比較使用TSQL那些方法效能可最接近CLR
撰寫TSQL達到string splitting並不難,以前我使用CTE來處理但不太關心效能,但如你是效能至上的話,透過SQL CLR在任何案例中,效能都有不錯表現,
這篇我要測試使用TSQL還有那些方法可以達到string splitting且效能接近CLR。
CTE
CREATE FUNCTION dbo.StrSplit_CTE
(
@inputcontent nvarchar(MAX),
@Delimiter nvarchar(255)
)
RETURNS @Items TABLE (Item NVARCHAR(4000))
WITH SCHEMABINDING
AS
BEGIN
DECLARE @ll INT = LEN(@inputcontent) + 1, @ld INT = LEN(@Delimiter);
WITH a AS
(
SELECT
[start] = 1,
[end] = COALESCE(NULLIF(CHARINDEX(@Delimiter,
@inputcontent, 1), 0), @ll),
[value] = SUBSTRING(@inputcontent, 1,
COALESCE(NULLIF(CHARINDEX(@Delimiter,
@inputcontent, 1), 0), @ll) - 1)
UNION ALL
SELECT
[start] = CONVERT(INT, [end]) + @ld,
[end] = COALESCE(NULLIF(CHARINDEX(@Delimiter,
@inputcontent, [end] + @ld), 0), @ll),
[value] = SUBSTRING(@inputcontent, [end] + @ld,
COALESCE(NULLIF(CHARINDEX(@Delimiter,
@inputcontent, [end] + @ld), 0), @ll)-[end]-@ld)
FROM a
WHERE [end] < @ll
)
INSERT @Items SELECT [value]
FROM a
WHERE LEN([value]) > 0
OPTION (MAXRECURSION 0);
RETURN;
END
GO
透過遞迴CTE取得每個部份字串,但要注意MVTF無法使用統計值(因為需要本地變數資料表),而且要設定最大遞迴數0,以免預設100不夠用而出現錯誤。
Test
declare @inputcontent nvarchar(max)=N'Patriots,Red Sox,Bruins,abcd,rico,sa,ricoisme,bar,mort,splunge,bacon'
select * from dbo.StrSplit_CTE(@inputcontent,',')

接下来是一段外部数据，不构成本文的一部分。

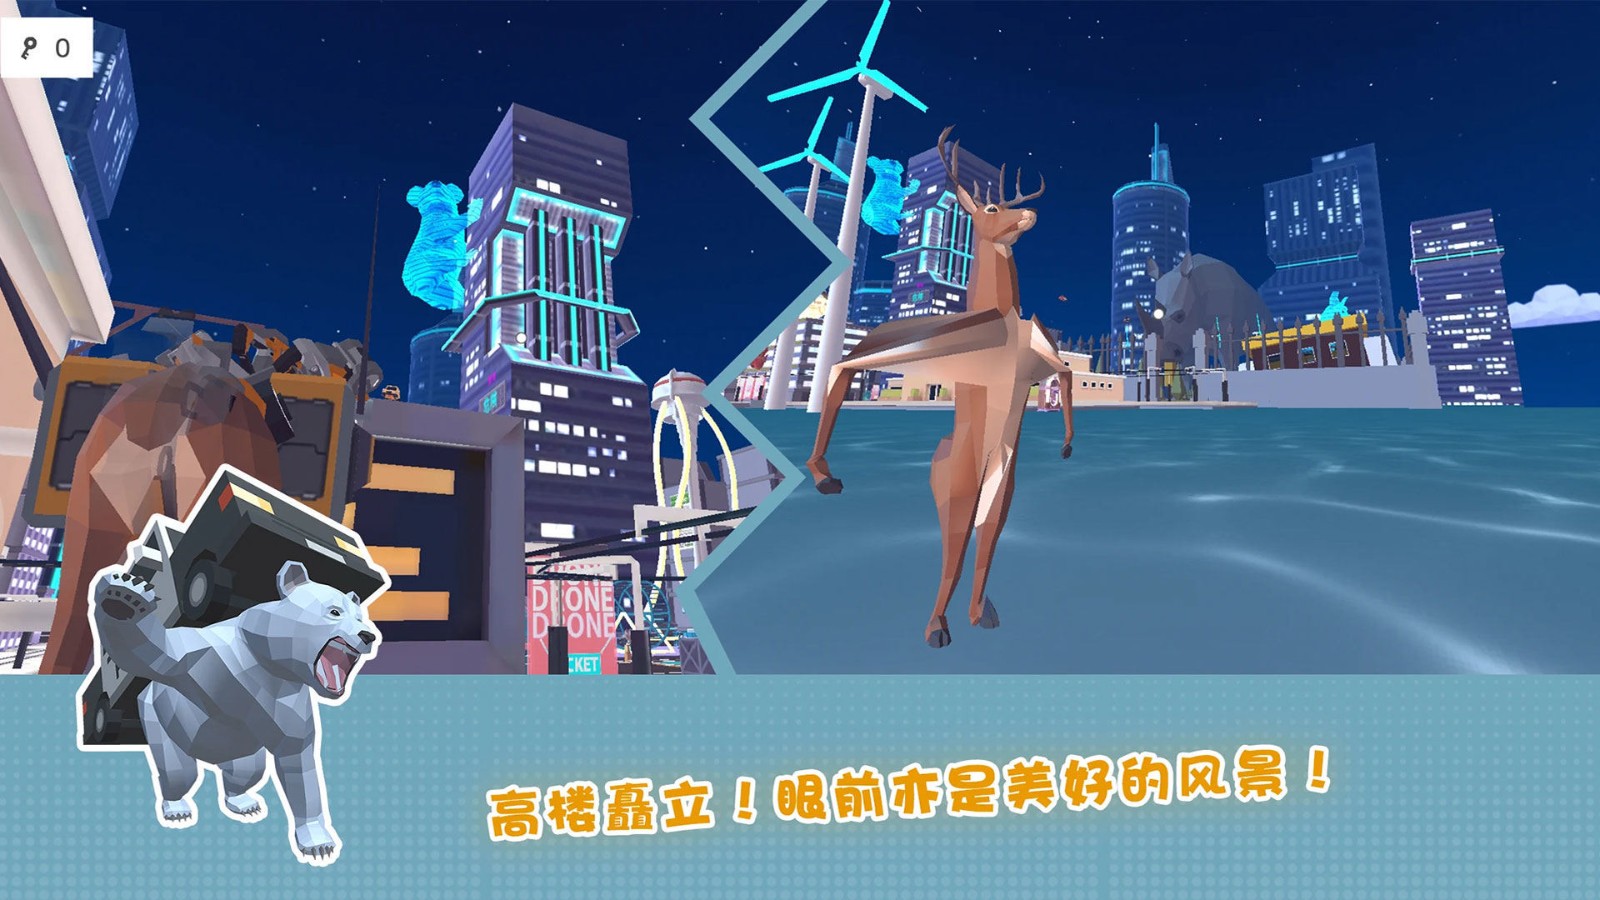 傻狍子在城市游戏中文版下载-傻狍子在城市游戏纯净版安卓最新下载v300.1.0.3018图1

select * from dbo.StrSplit_CTE(REPLICATE(@inputcontent,1000),',')
XML
create FUNCTION dbo.StrSplit_XML
(
@inputcontent nvarchar(MAX),
@Delimiter nvarchar(255)
)
RETURNS TABLE
WITH SCHEMABINDING
AS
RETURN
(
SELECT Item = y.i.value('(./text())[1]', 'nvarchar(4000)')
FROM
(
SELECT x = CONVERT(XML, '<i>'
+ REPLACE(@inputcontent, @Delimiter, '</i><i>')
+ '</i>').query('.')
) AS a CROSS APPLY x.nodes('i') AS y(i)
);
GO
如果可以確保輸入的XML資料正確的話,那麼這方法我還滿推薦的,且並不像CTE屬於MTVF(all inline)
TEST
declare @inputcontent nvarchar(max)=N'Patriots,Red Sox,Bruins,abcd,rico,sa,ricoisme,bar,mort,splunge,bacon'
select * from dbo.StrSplit_XML(@inputcontent,',')

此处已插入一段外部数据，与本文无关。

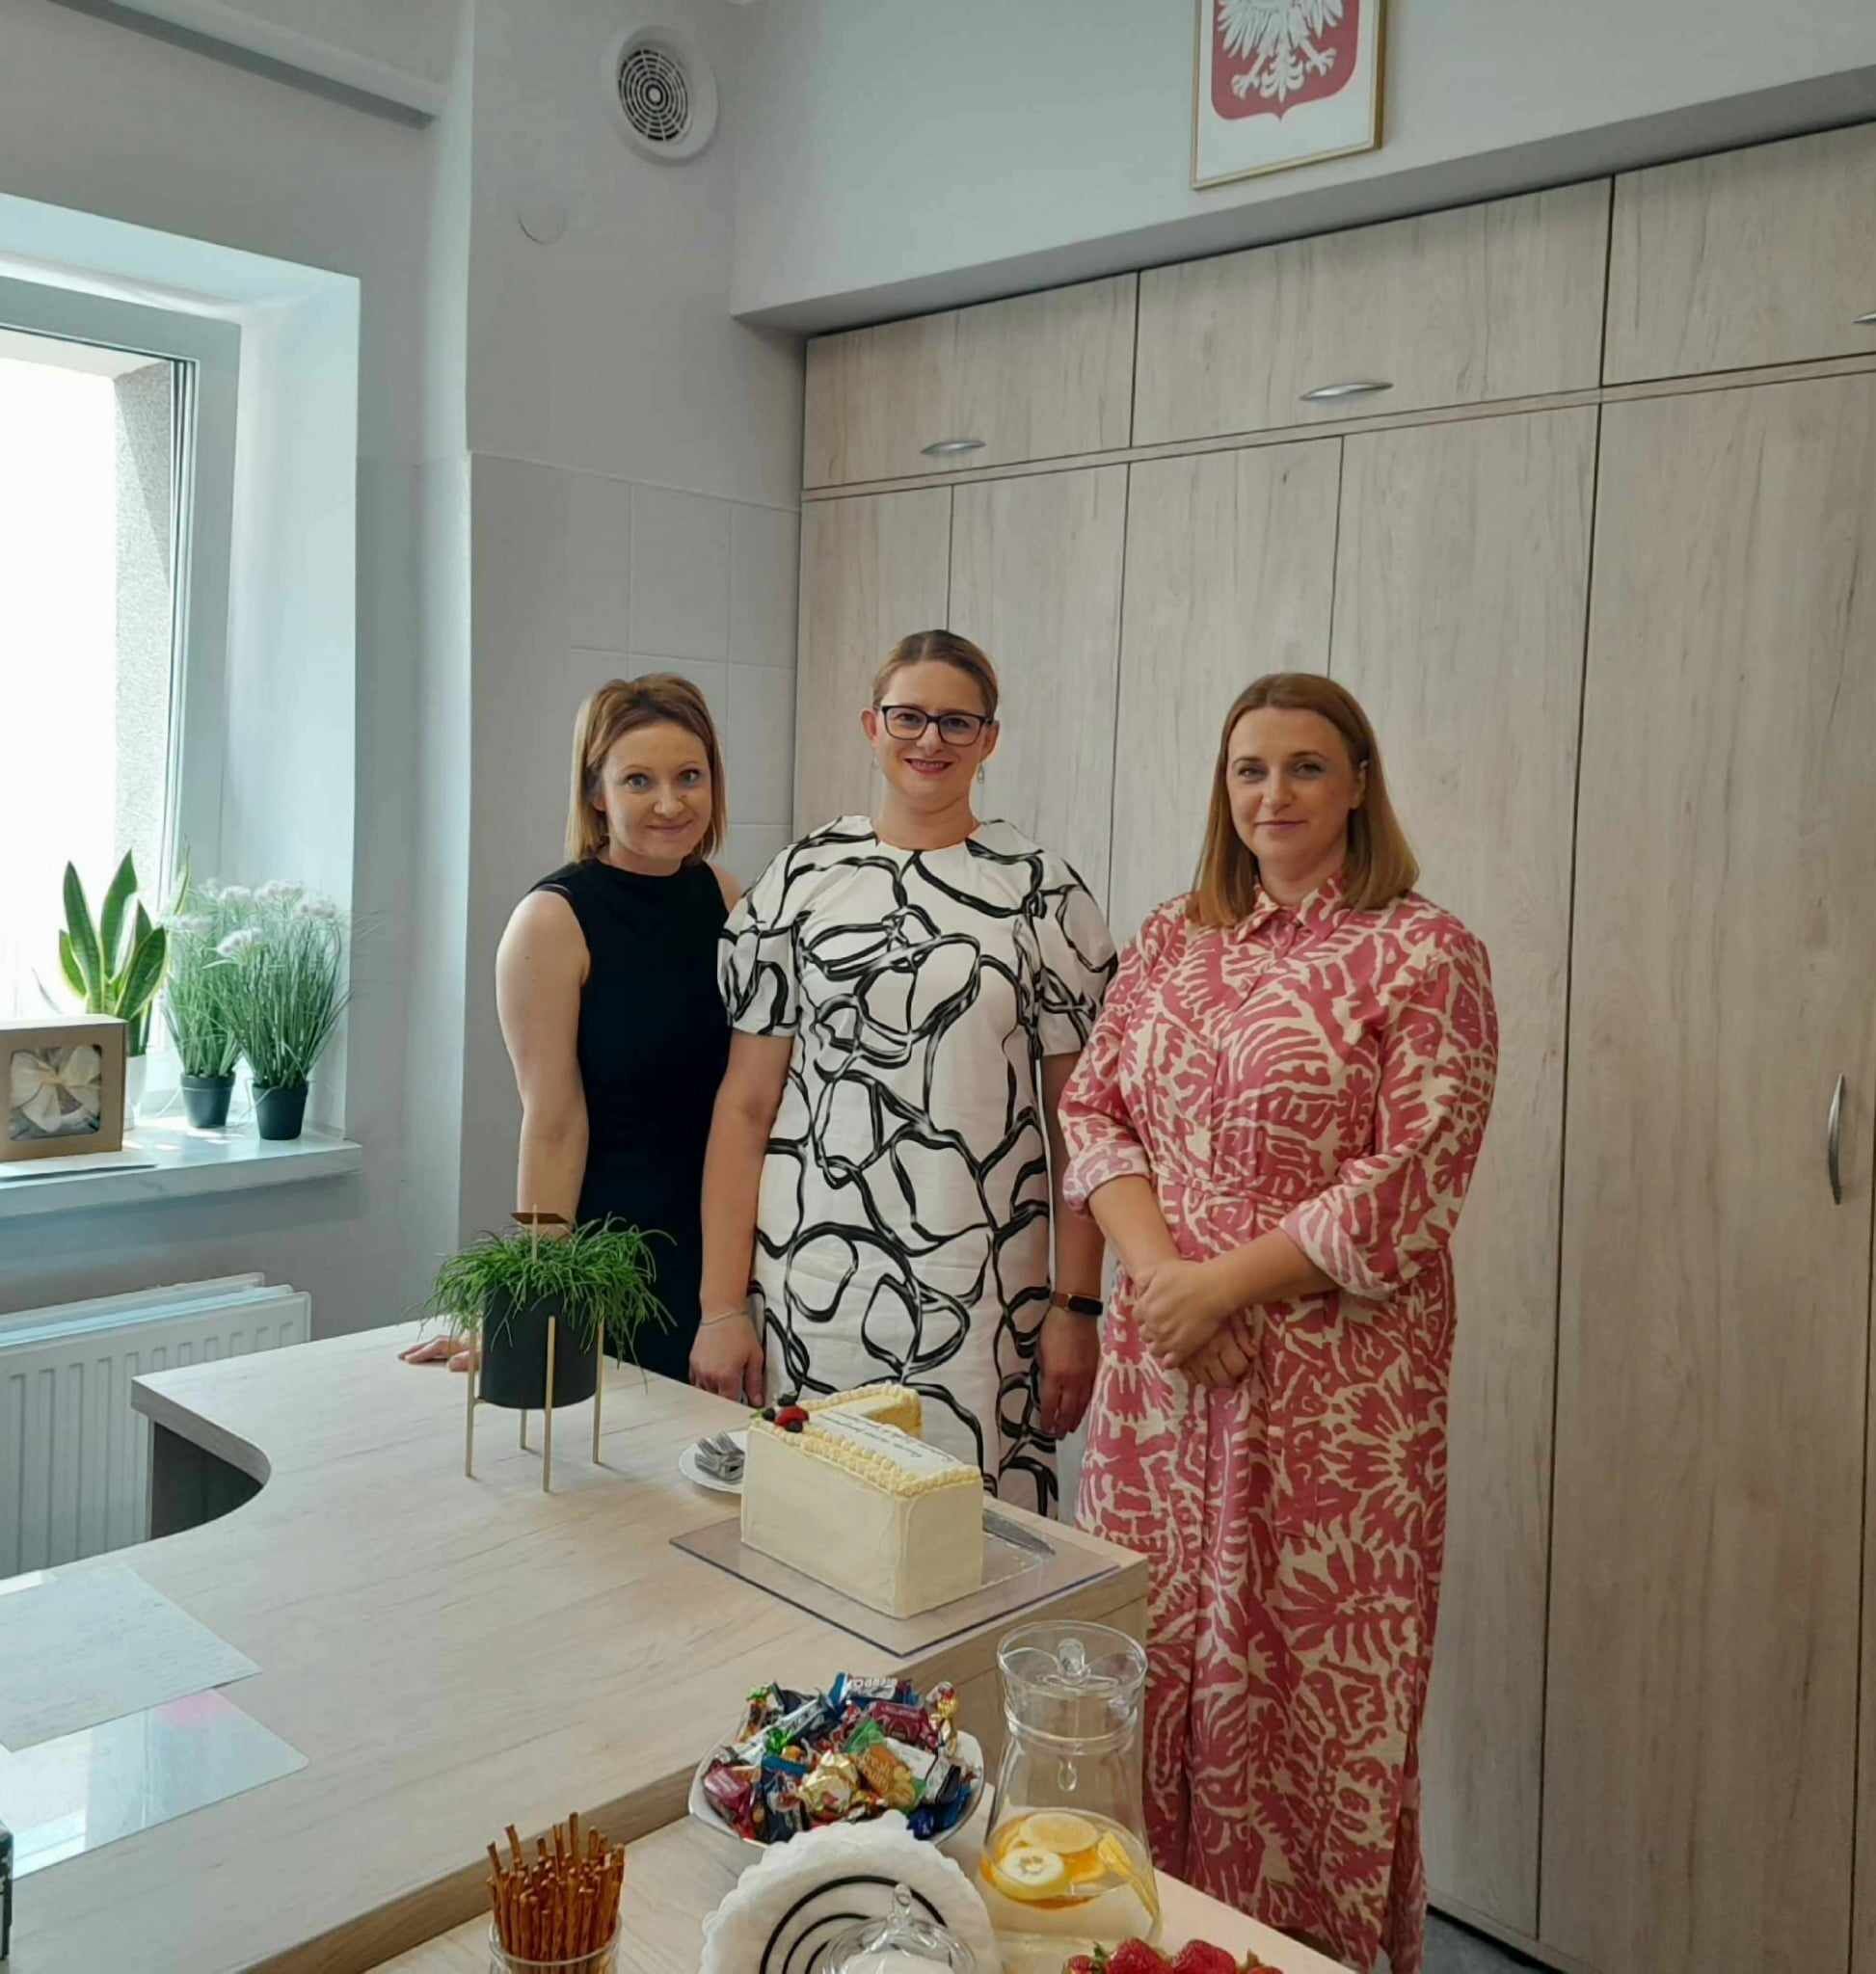 Trzy kobiety uśmiechają się do kamery, stojąc w jasnym pomieszczeniu, prawdopodobnie kuchni, z rośliną na blacie i polskim godłem na ścianie.

select * from dbo.StrSplit_XML(REPLICATE(@inputcontent,1000),',')
Numbers table
DECLARE @UpperLimit INT = 100000;
WITH n AS
(
SELECT
x = ROW_NUMBER() OVER (ORDER BY (select null))
FROM sys.all_objects AS s1
CROSS JOIN sys.all_objects AS s2
CROSS JOIN sys.all_objects AS s3
)
SELECT Number = x
INTO dbo.testNumbers
FROM n
WHERE x BETWEEN 1 AND @UpperLimit;
CREATE UNIQUE CLUSTERED INDEX n ON dbo.testNumbers(Number)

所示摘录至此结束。